B I O G R A P H Y
Pianist Mark Neiwirth, a Steinway Artist, received the 2018 Idaho Governor's Award for Excellence in the Arts. He has gained an international reputation as soloist, chamber musician, teacher, adjudicator, composer and arranger. Concert tours have taken him to Europe, South Africa and India, as well as dozens of venues in the US. He was Chairman of the Piano Department at the Sun Valley School of Music for seven years and has been an Adjunct Professor of Piano at Idaho State University since 2005.

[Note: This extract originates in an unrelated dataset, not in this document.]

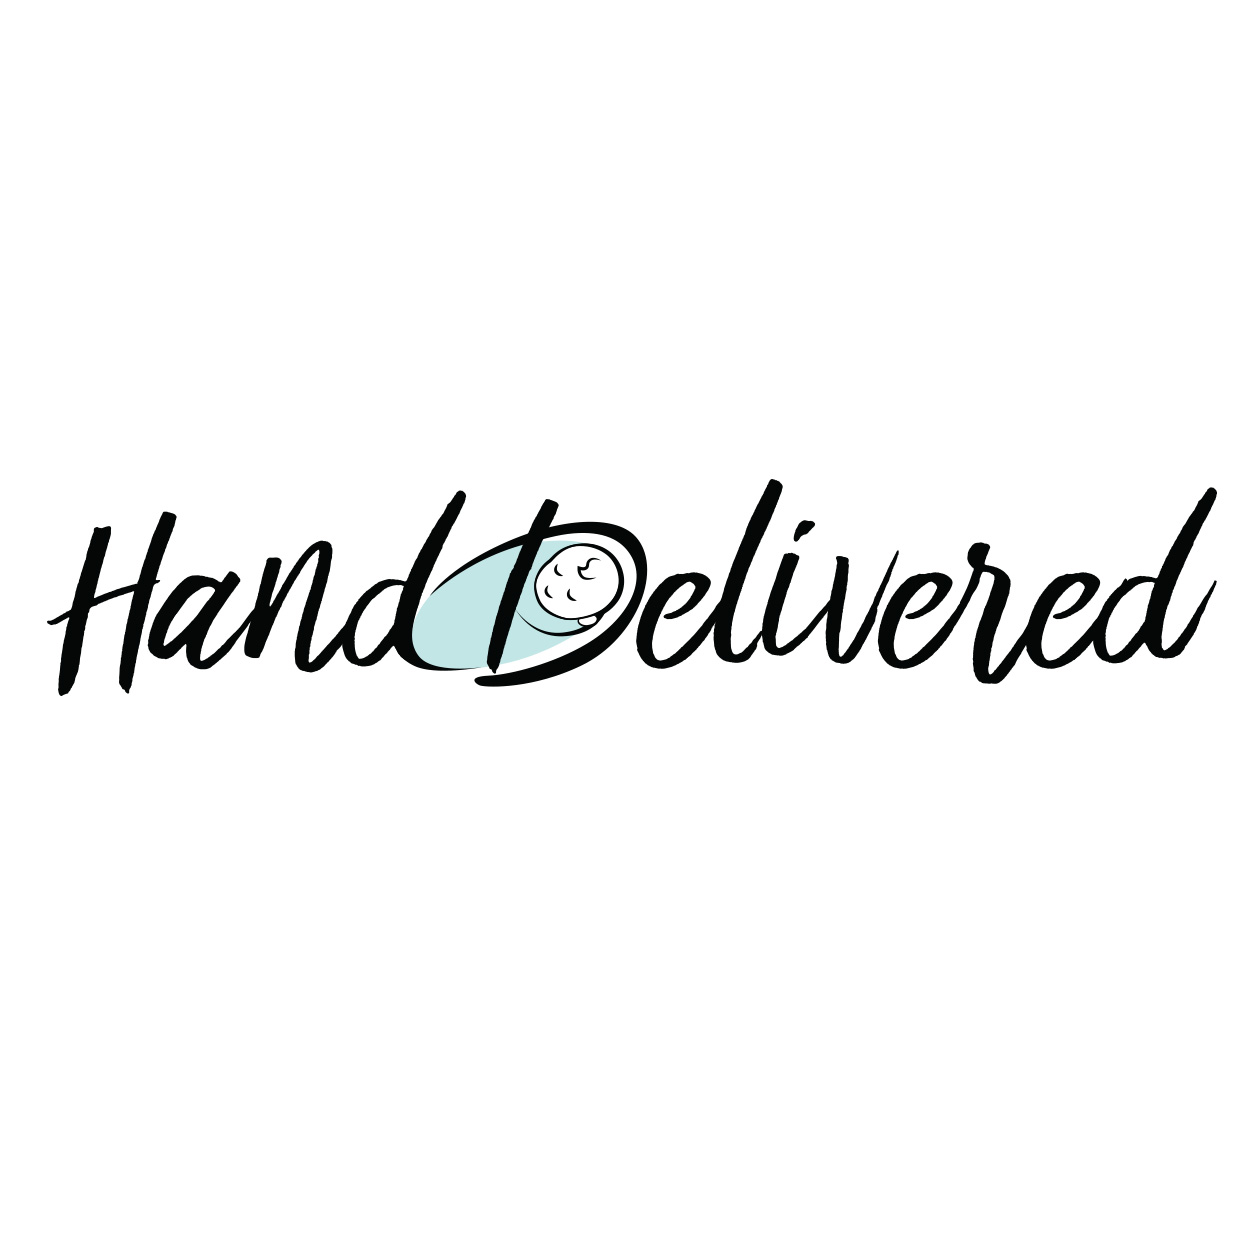 Hand Delivered.jpg

After his Carnegie Recital Hall debut, the New York Times said, “Neiwirth plays with poised precision, utmost sensitivity and high feeling for drama.” Following his New York Concerto Debut, performing the Brahms Concerto No. 2 in B-flat with the Manhattan Philharmonia, the review stated that “[Neiwirth] has a powerful technique and all the musical means to perform beautifully anything written for the piano.”
Mr. Neiwirth has performed a repertoire of more than 30 piano concerti with orchestras throughout the country. For sixteen years he was the featured concerto soloist with the Sun Valley Summer Symphony. As an avid chamber musician, he was a founding member of Davidsbund (New York City), the California Trio (Los Angeles), the Vista Trio (Salt Lake City), the Edgar M. Bronfman Chamber Series in Sun Valley, the Amadeus Trio of Idaho, and currently the Claviano Trio and the Neiwirth-Sherman Piano Duo. In 1997 he was declared the "Best Collaborative Pianist of the Year" by the Salt Lake Tribune.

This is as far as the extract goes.